Desde que publicó su primera obra, Jonathan Franzen parece preocupado por escribir la Gran Novela Americana. Y la crítica coincide en que, en efecto, será él quien lo haga. Sea un mito o no, es indudable que lo que rodea a la literatura de este autor tiene mucho de marketing, pues solo podremos estar seguro del valor de una obra -de una trayectoria- retrospectivamente.
De la misma manera que en otras de sus novelas, Encrucijadas tiene como protagonista a una familia del Medio Oeste.
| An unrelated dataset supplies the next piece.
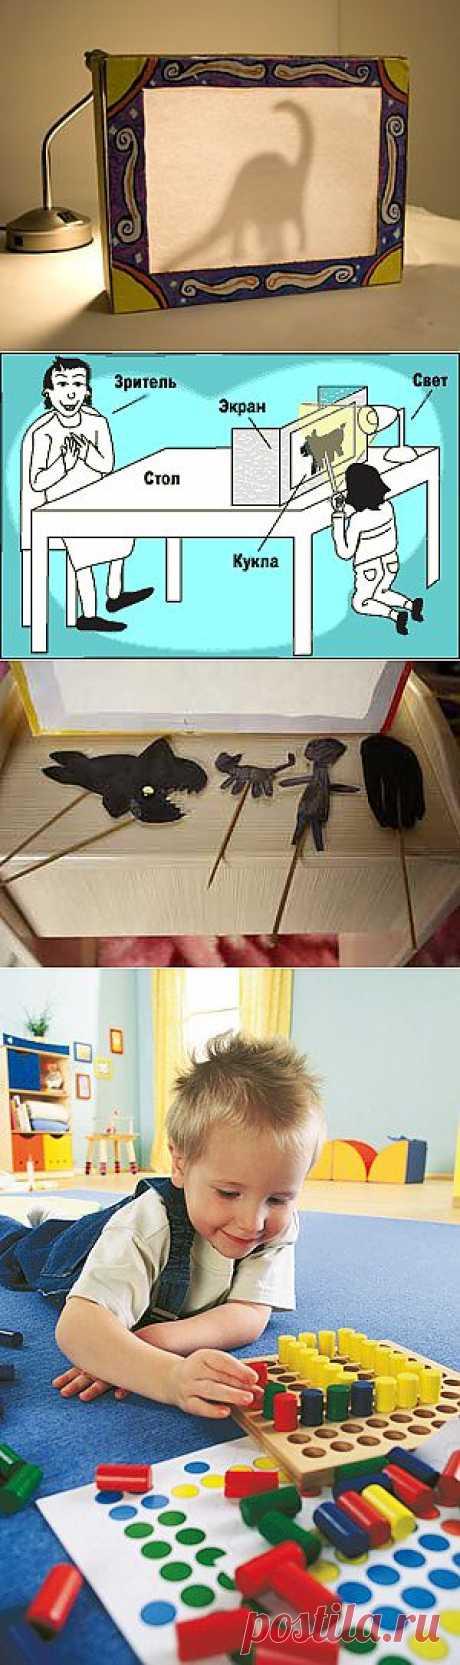 театр теней для ребенка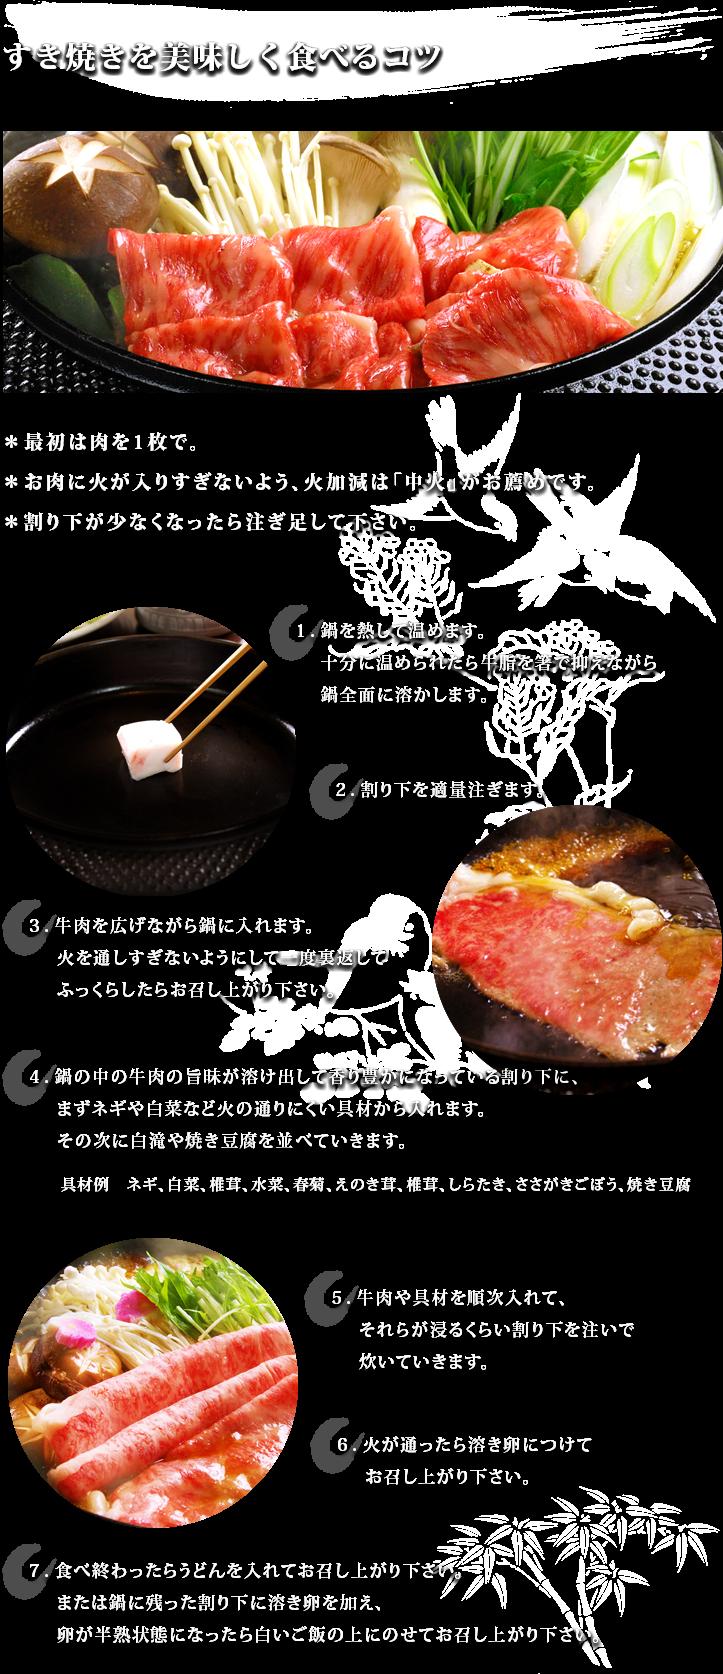 すき焼きを美味しく食べるコツ

En este caso, la narración se sitúa en plenos años setenta y, concretamente, en una parroquia protestante en la que el reverendo Russ Hildebrant trata de hacerse valer. Llegada a una edad ya madura, el pastor pretende restañar sus decepciones vitales rehaciendo su futuro en medio del desmoronamiento de su familia, que hace agua por todos lados: su mujer, una excatólica depresiva, ya no le muestra su afecto y la venda se ha desprendido de los ojos de sus hijos, para quienes ya no es alguien a imitar, sino un ser patético y vergonzoso. Para agravar la situación, Hildebrant compite con Rick Ambrose, otro reverendo, más juvenil, que sintoniza con las inquietudes religiosas de los jóvenes y suscita su envidia.
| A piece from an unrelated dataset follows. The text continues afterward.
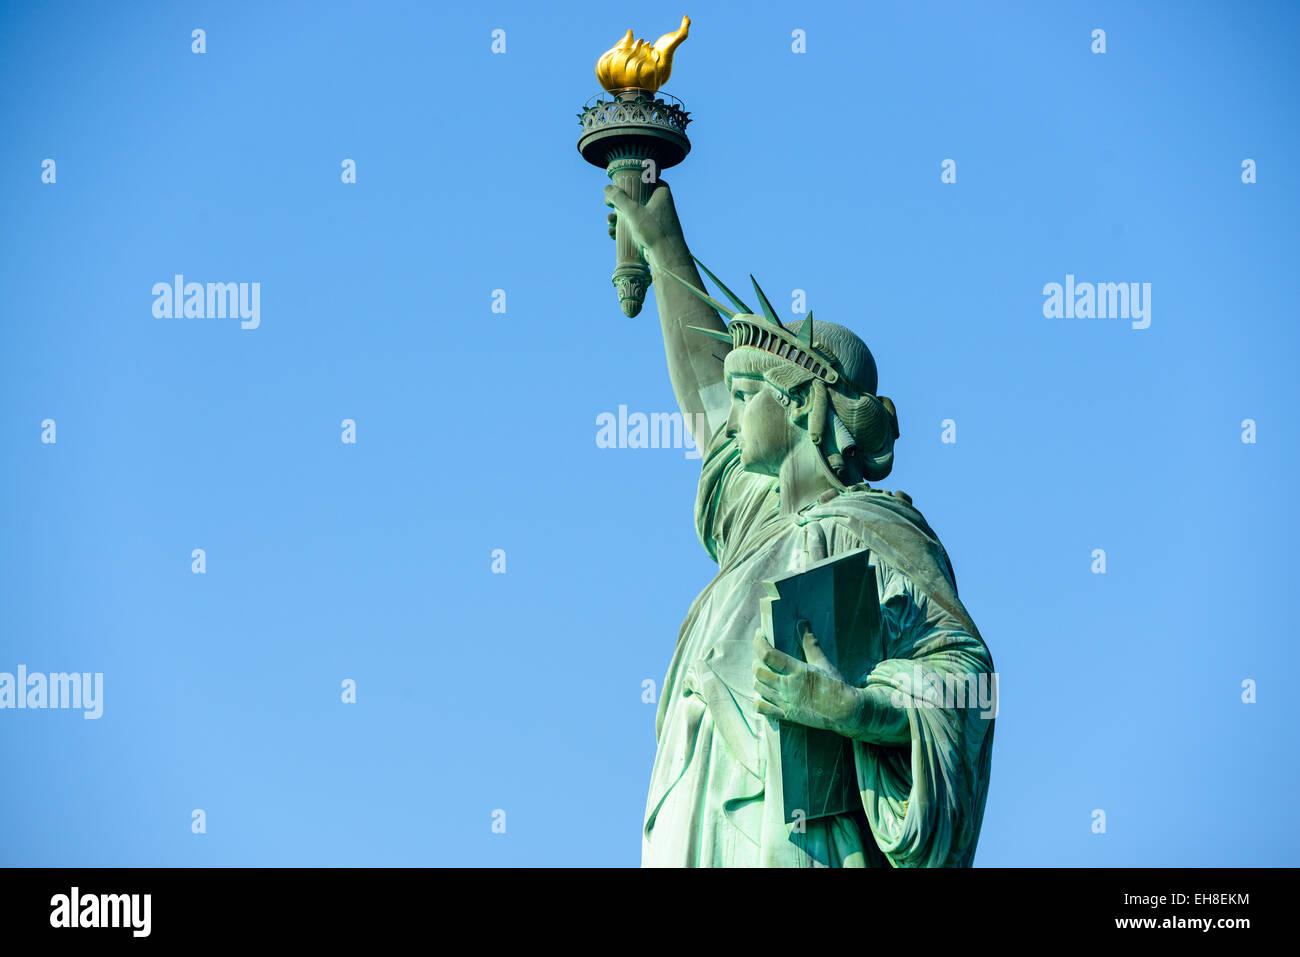 Statua della Libertà di New York City. Foto Stock

A Franzen hay que reconocerle oficio literario. Sabe escribir y combina perfectamente el registro de más amplitud con la penetración psicológica. La retahíla de personajes que aparecen en su último intento es muy variada: hijos descarriados, adolescentes obsesionados con su identidad, padres que se rebelan frente a sus hijos, flirteos amorosos, infidelidades… El final es, quizá, una de las mejores partes de la novela, que exige una continuación. Por otro lado, Franzen pone la lupa sobre un momento cultural -la debacle de las convicciones, tras el 68- sin la que es imposible entender el mundo de hoy. Se trata de un momento revolucionario que afecta especialmente a la forma de vida de la clase media, en el que se generalizan, por ejemplo, el consumo de alcohol o de las drogas y se relajan las costumbres sexuales.
Desde una óptica literaria, y reconociendo, como hemos hecho, que el americano posee un incuestionable talento literario, en sus obras -en esta también- el lector queda como seducido por los escándalos. Lo que menos convence son sus personajes, planos y demasiado acomodaticios con el estado de cosas, como niños mimados, siempre sometidos a las pulsiones de una identidad problemática. El objetivo de Franzen es radiografiar a la familia americana media, pero en el torbellino de pasiones mezquinas que perfila es difícil hallar semejanzas con los hogares reales. A ello se añade algo que a quien crea o forme parte de una comunidad religiosa puede resultar chocante: en la religión de esta familia Dios queda postergado por un egocentrismo gigantesco y la oración reducida a un soliloquio en el que el yo adquiere un tamaño patológico.